Прежде всего надо было спасать отторгнувшиеся ногайские орды от грозившего им голода. (В рескрипте Екатерины подчёркивалось, что он, как генерал-губернатор, должен внушить местным жителям «обходиться с ними дружески, производить потребную им теперь торговлю и привозить к ним всё к пропитанию и к житью нужное»).
Сделав необходимые указания по губернии, Евдоким Алексеевич и сам проявил усердие: в считанные недели раздобыл и отправил в приграничные крепости, откуда шла торговля с ордами, десять тысяч четвертей хлеба и тысячу четвертей просяных круп.
И, ободряя ордынцев, крепя их веру в покровительство России, написал Джан-Мамбет-бею:
«Все попечения и старания с непорочнейшей верностью и усердием обращать буду к тому, каким лучшим и надёжнейшим образом поспешествовать непоколебимому на все будущие времена утверждению всех тех оснований и предложений, в какие вы изволите вступить...»
К этому времени султан Мустафа, потрясённый сокрушительными летними поражениями своего пешего войска и падением Бендер, потерявший почти весь флот при Чесме, опозоренный предательским отторжением ногайских орд, перестал доверять Каплан-Гирею. Опасаясь, что хан вместе с крымцами может последовать ногайскому примеру, Мустафа сместил его. Знаки ханского достоинства снова получил Селим-Гирей[15]15
Селим-Гирей был крымским ханом в 1764—1767 годах.
[Закрыть]. Узнав о перемене ханов, Щербинин спешно отправил в Бахчисарай своего переводчика Христофора Кутлубицкого, прежде часто наезжавшего в Крым и знавшего многих татарских мурз. Через них, по мнению генерала, он мог разведать намерения нового хана.
В Бахчисарае Кутлубицкий отыскал обитавшего там едисанского Темир-мурзу, приласкал подарком и долго выпытывал о настроении крымцев, ханских чиновников, самого Селим-Гирея.
Темир-мурза, раздувая впалые щёки, поглаживая шелковистый лисий мех, успокоил переводчика:
– О чём вредном против России могут помышлять татары, если после ухода орд они ослабели вконец?.. В разномыслии нынче все, в смятении... Я затем здесь и живу, чтобы склонить их к принятию условий, на коих прочие орды в дружбу и союз с Россией вступили...

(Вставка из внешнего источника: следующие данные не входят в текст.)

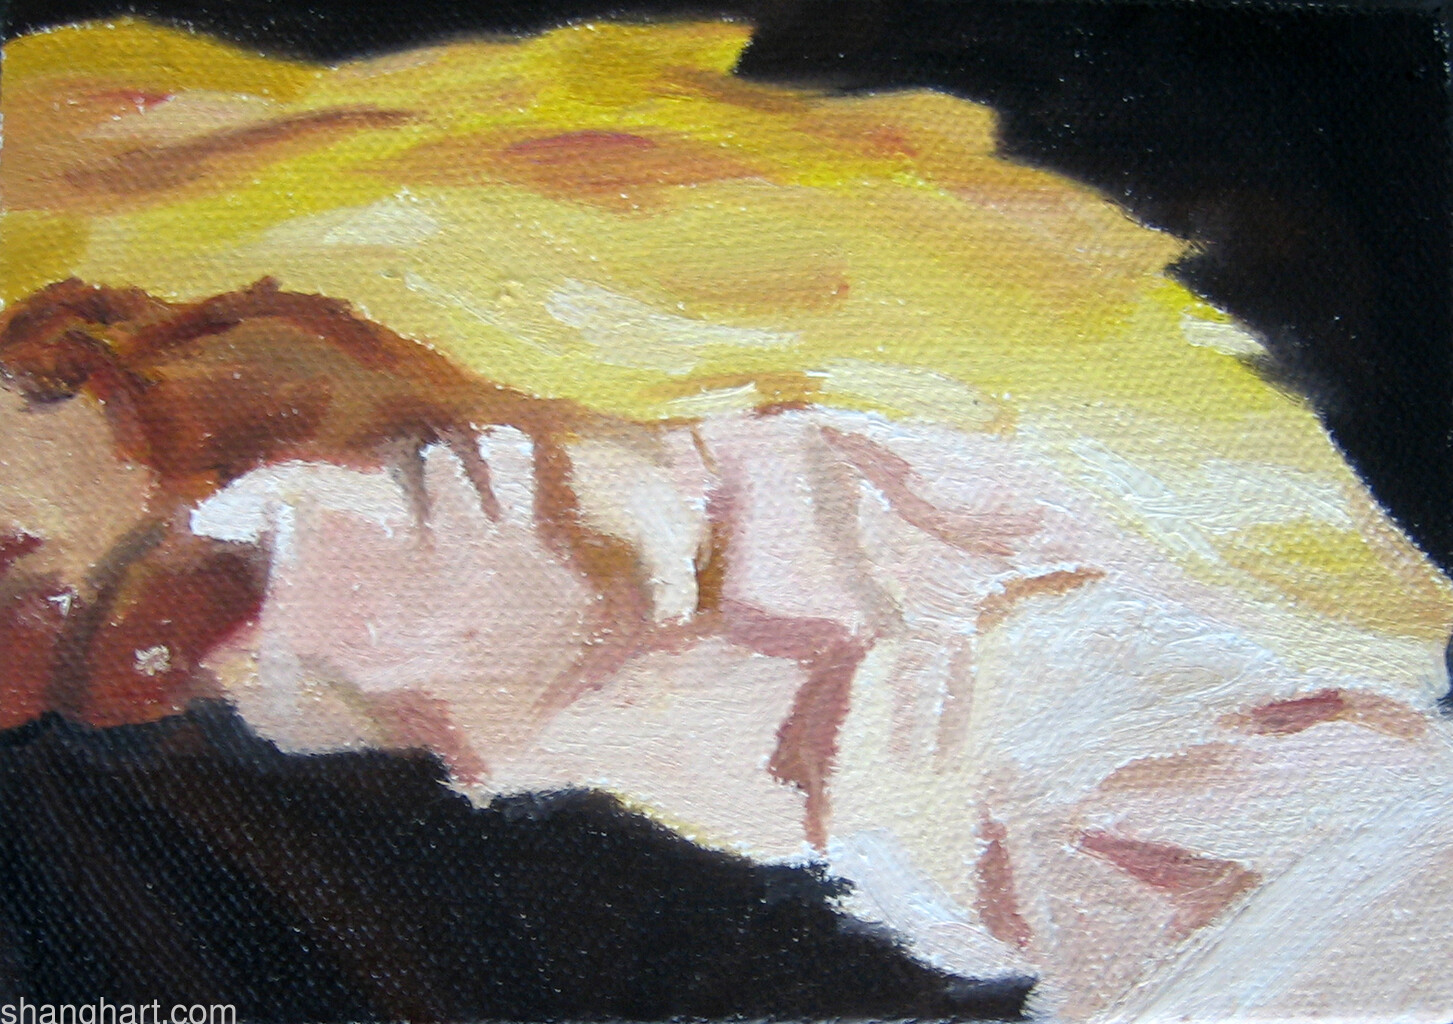 2009, 14x20cm, oil on canvas

Вернувшись в Харьков, Кутлубицкий доложил о разговоре с мурзой Щербинину. У того гневно запрыгали мешки под глазами:
– Плевал я на твоего мурзу! И на его сказки плевал! Мне ханский умысел надобно знать... Пошёл вон, дурак!..
В Крым поехал другой посланец – переводчик Константин Мавроев. Он вёз приватное письмо для калги-султана Мегмет-Гирея, брата хана Селима.
– Братья мысли чаще одинаковые имеют, – благоразумно рассудил Евдоким Алексеевич. – Стало быть, что калга скажет – то и хан думает...
* * *
Январь 1771 г.
18 января необычно оживлённая для этого времени года Полтава встречала нового главнокомандующего Второй армией генерал-аншефа князя Василия Михайловича Долгорукова.
День выдался ясный, морозный, безветренный. Солнечные лучи игриво разбегались по серебристым снежным крышам приземистых разудалых хат, строгих каменных казённых домов. Церковные колокола торопливо перекликались праздничными переливчатыми звонами.
По обеим сторонам главной улицы, вдоль плетней и добротных заборов, растянулся в две шеренги 2-й гренадерский полк. Озябшие от долгого ожидания краснощёкие усатые гренадеры переминались с ноги на ногу, притопывали, пытаясь согреться, сыпали солёными шуточками; офицеры, собравшись кучками у своих рот, покуривали трубки, с показным равнодушием гадали: кто будет приглашён на бал, который, по слухам, обещал дать вечером командующий.
В начале улицы, прямой стрелой упиравшейся в центральную площадь Полтавы, и на самой площади, сдерживая пританцовывающих коней, стояли Борисоглебские драгуны и сумские гусары.
По протоптанным в снегу дорожкам со всех сторон проворно семенили городские чиновники с жёнами и дочерьми, бежали, скользя и падая, простолюдины.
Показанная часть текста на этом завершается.